The last couple of years that I was living in New York, I really wanted to write. I had gone to New York City with the intention to become a writer and it just didn’t happen. I became a teacher and I enjoyed all the arts in New York, but there was this wall that was there. I wrote some poetry for a girlfriend I had. Other than that, I wrote emails and there was nothing else to that.
In order to not feel completely devastated by my own failure, what I started to do was when I would get out of work, I would go to MoMA and watch a foreign movie. A lot of times there were Q&A sessions afterwards with the directors. Once or twice there was even Spanish TV interviewing people coming out of the theater, asking what they thought of it. I was young and ignorant and didn’t even know how to answer the reporters, even though I spoke Spanish, because they were asking questions about the historical context of the film and all these things that were just beyond me.
I was just there to absorb the art. I didn’t necessarily have the tools to analyze it and to tell you why it was fantastic or what it was a commentary on historically. I felt very humbled and also very excited that there were these people who were creating these things that were fueling these conversations that were so interesting and important to me. I just felt incapable of that.
I grew to really admire a lot of the people that were making these films and producing the art at MoMA as well. It was really easy for me to know what that feels like, to feel really impressed with someone’s ability and to be in awe of them. And on the other side of that is sometimes feeling limited and feeling like maybe I’m not capable of that, or maybe the person is somehow better than me in a sense, because they have self-actualized and they are doing these things, and I’m still in a phase where I don’t know what I want to say.
In this novel, you’re reckoning with big ethical and moral questions. Did your own feelings on some of that end up shifting over the course of writing it and editing it and revising it?

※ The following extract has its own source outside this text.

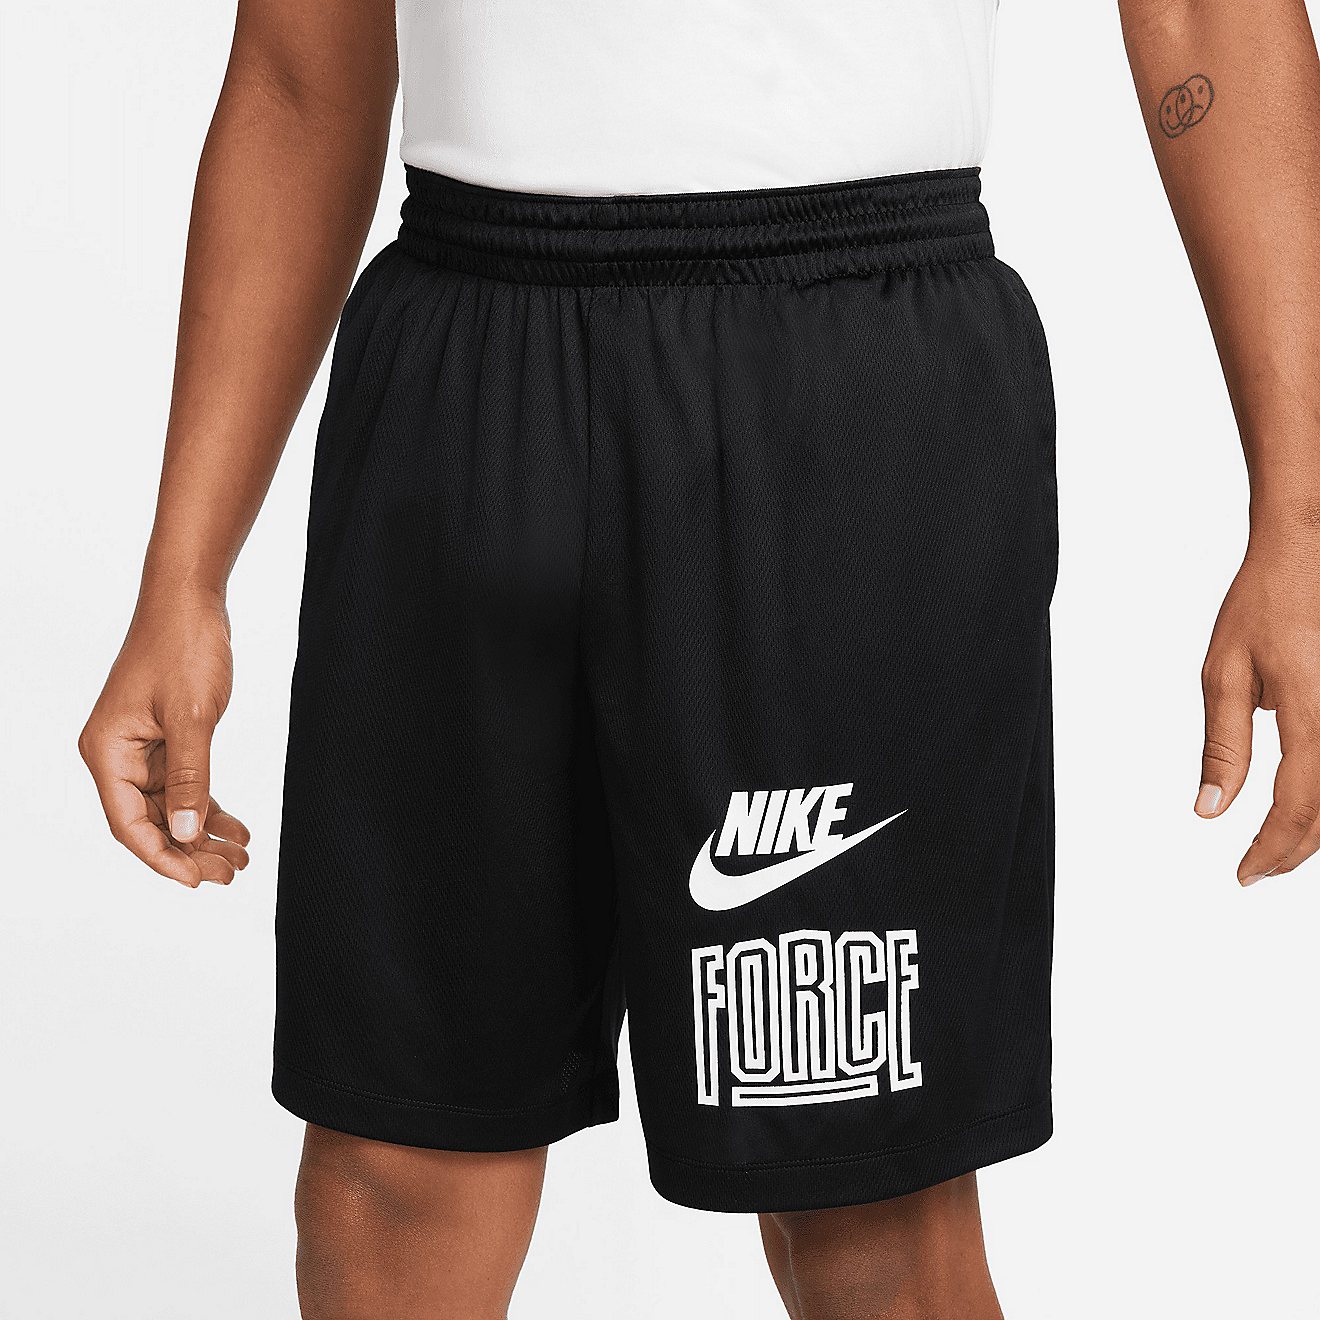 Nike Men's Starting Five HBR Basketball Shorts 8 in                                                                              - view number 2

There are a lot of people who read this and thought, this happened to Ursula . It didn’t, and this isn’t me. But having lived in this world for so long I do see a lot of the nuance, and hopefully that comes across on the page as well. Was Tatum groomed? Some people would say, absolutely. And there’s the question of, can you be groomed as an adult? I personally think someone can be groomed as an adult, especially in certain power dynamics. I think a priest can groom a 50-year-old man or a 60-year-old woman or a child.
I think these positions of power lead to unusual circumstances and dynamics within interactions with people. I really wanted to show the nuance and, and my understanding of what Tatum is responsible for. How does this dynamic perpetuate itself or get broken? And if these are two grown adults, where does it break? How does this end? How does it not just continue forever? Those were all questions I was thinking about.
What are you, what are you working on these days?
I have worked on so many things since March 2024 when this came out. If you had asked me then, I’d tell you that I was working on a novel. And then if you asked me before then, I would have told you I was working on a memoir. For now, I am working on essays, an essay collection. I’ve got a lot of momentum, things are really firing. And it’s one of those things where I finish for the day and then I’m falling asleep and I get ideas as I’m falling asleep and then I’ve got to write them down and then I can’t fall asleep necessarily. It’s an exciting place to be. It’s also kind of exhausting because if you have too many of those days in a row, then I’m exhausted.